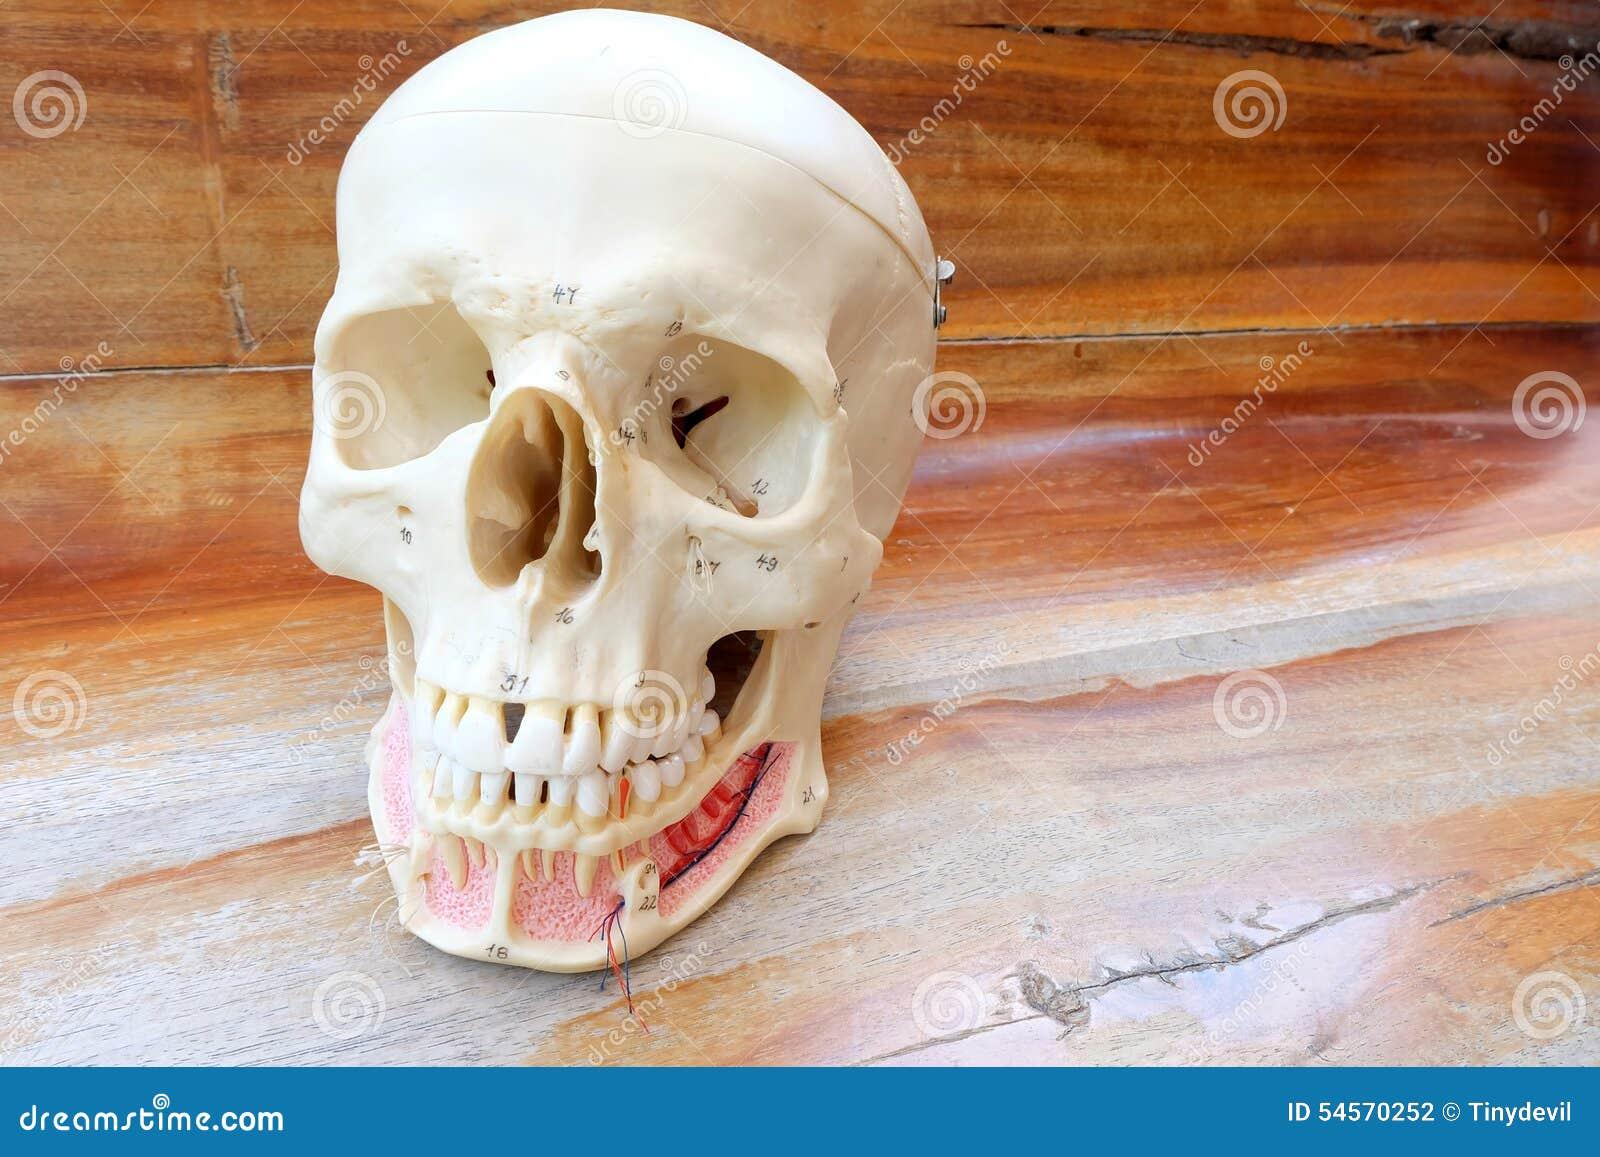 Human skull anatomy model stock photo. Image of anatomy - 54570252
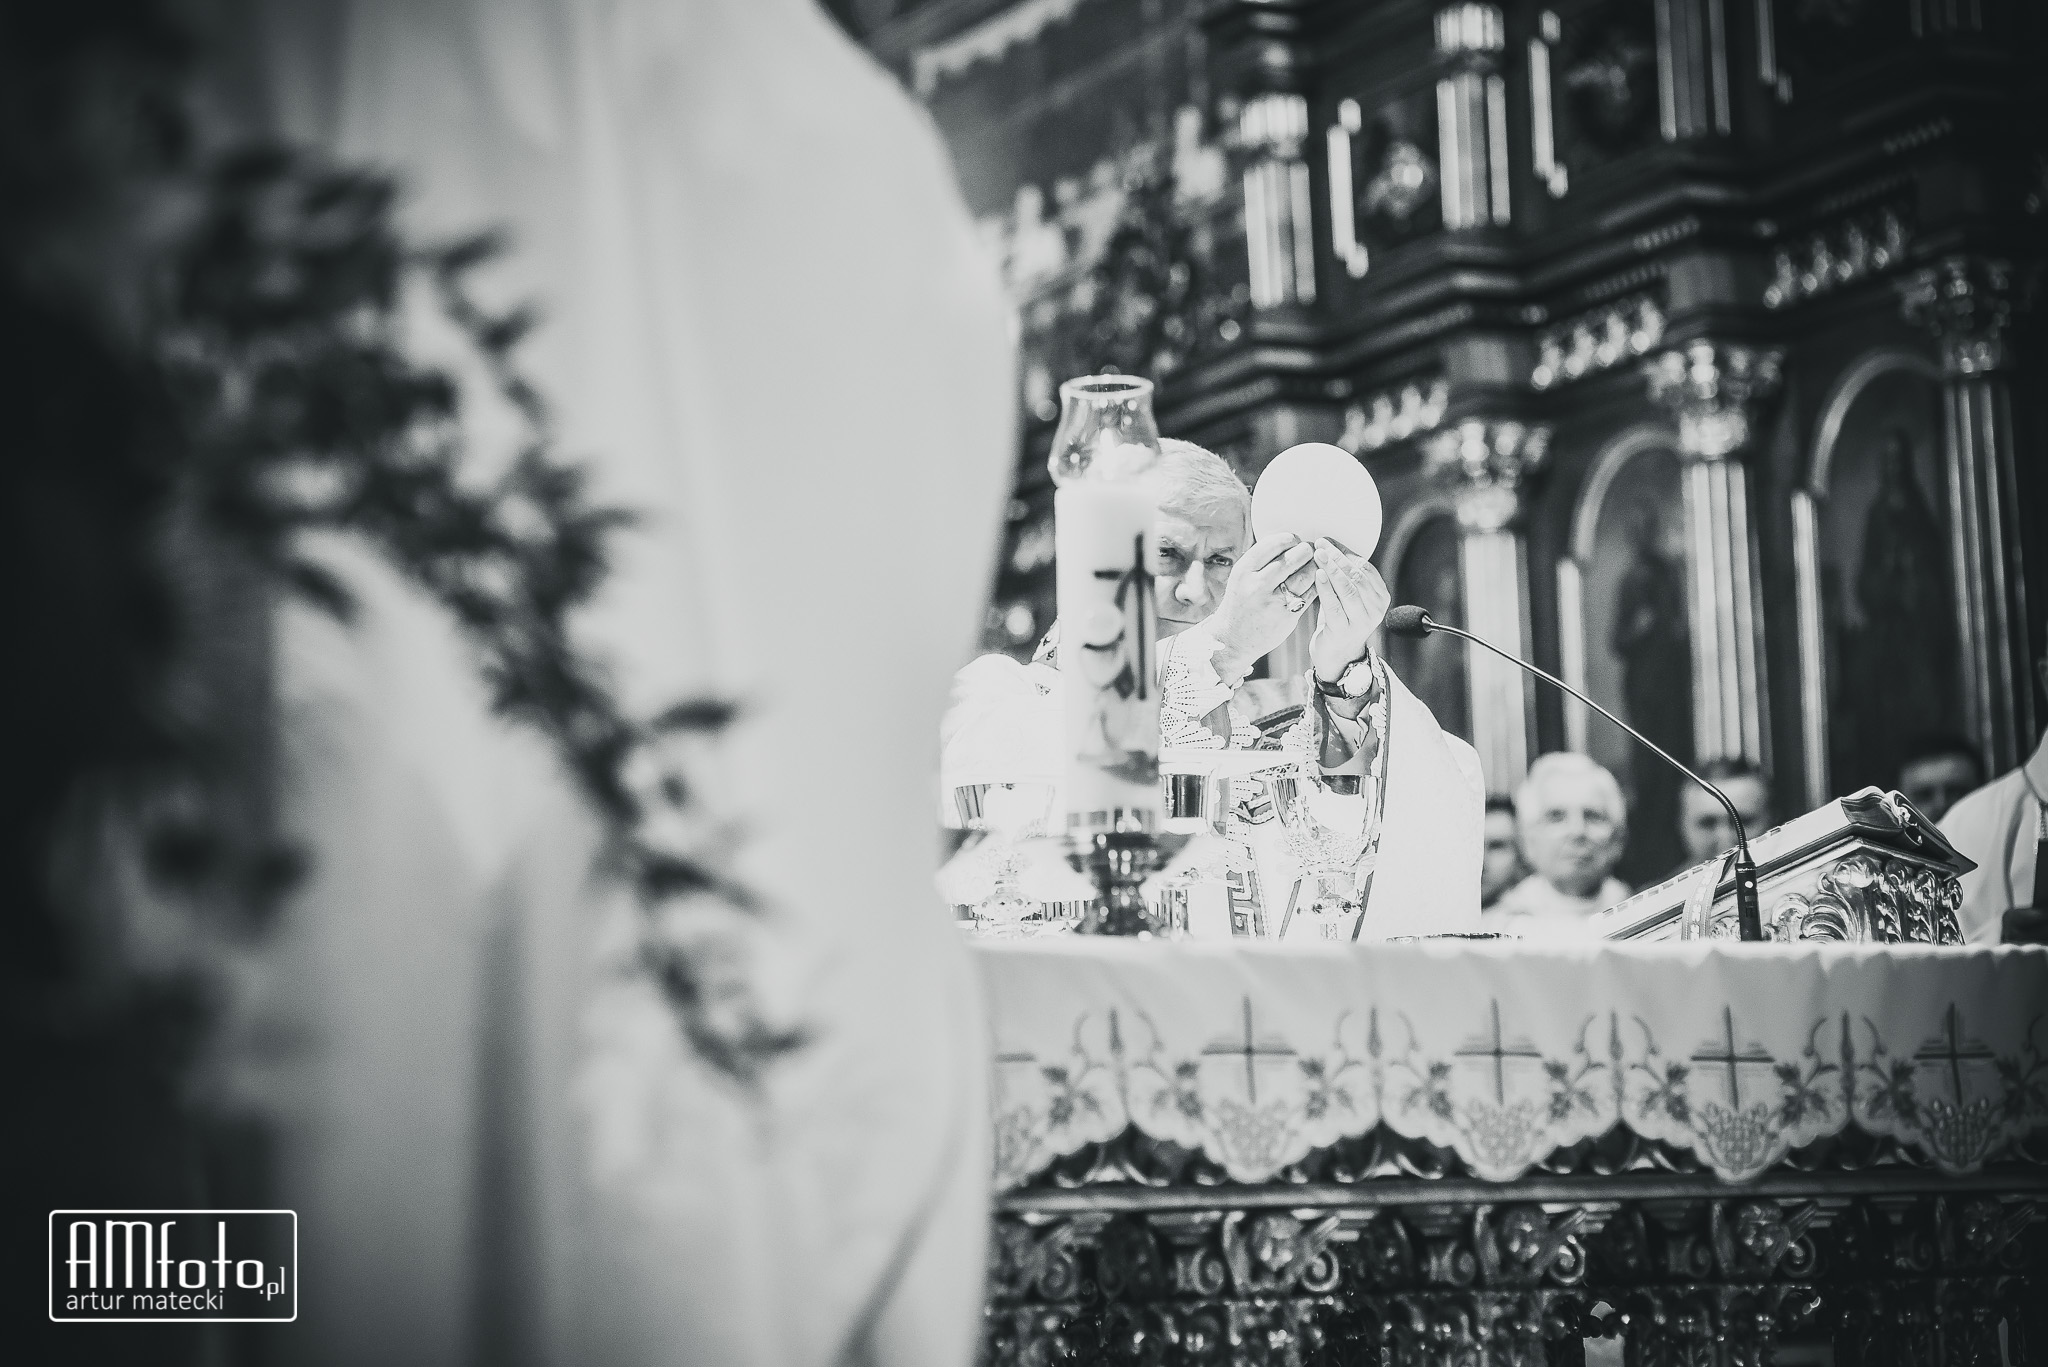 Swiecenia_Prezbiteratu_27-05-2017__Kalisz____www_amfoto_pl___0426____AMF_5551.jpg
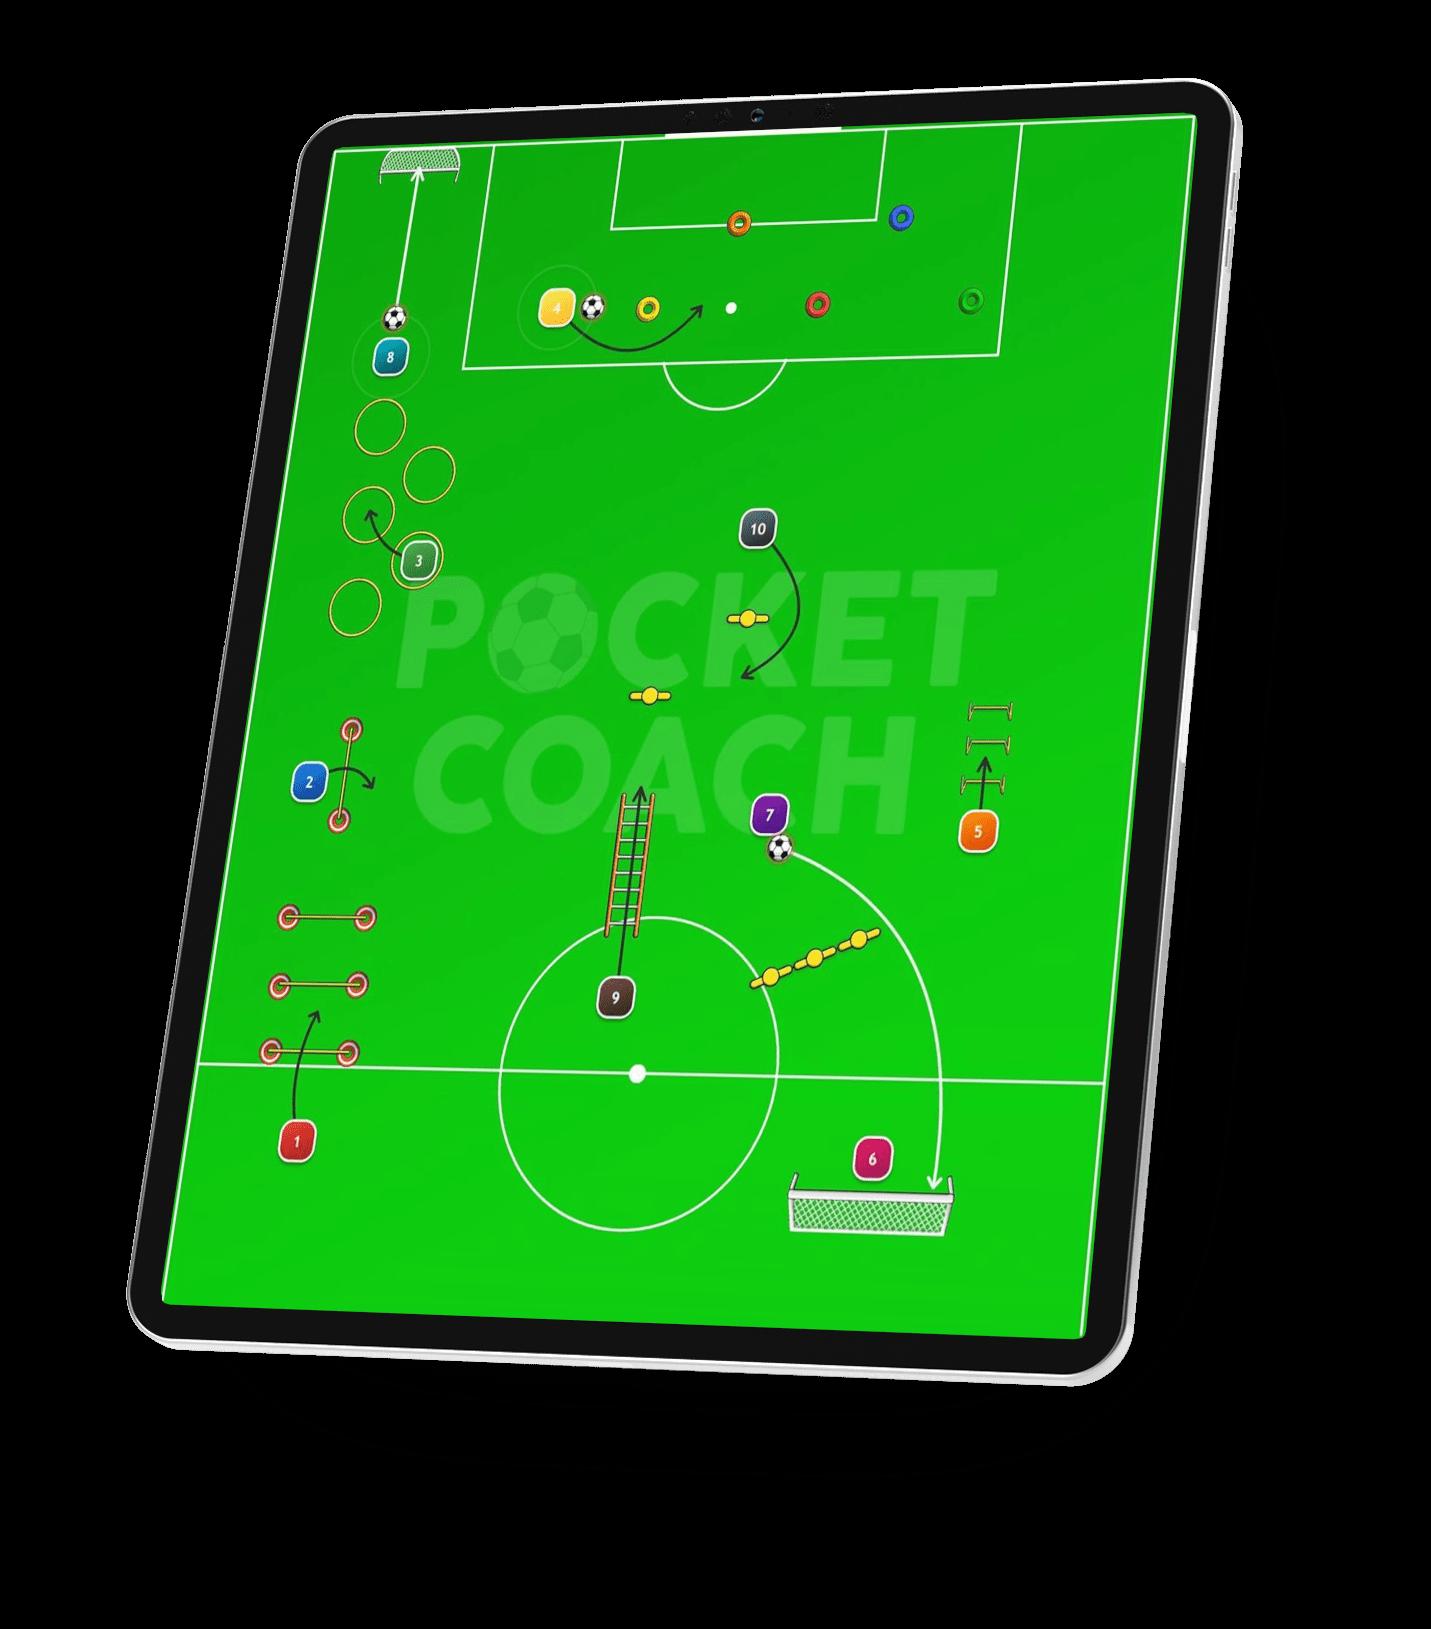 Pocket Coach tactical board

• Problem
The expected answer is the data retyped exactly, without pictures.

• Expected answer
 Human skull anatomy model stock photo. Image of anatomy - 54570252
 Swiecenia_Prezbiteratu_27-05-2017__Kalisz____www_amfoto_pl___0426____AMF_5551.jpg
 Pocket Coach tactical board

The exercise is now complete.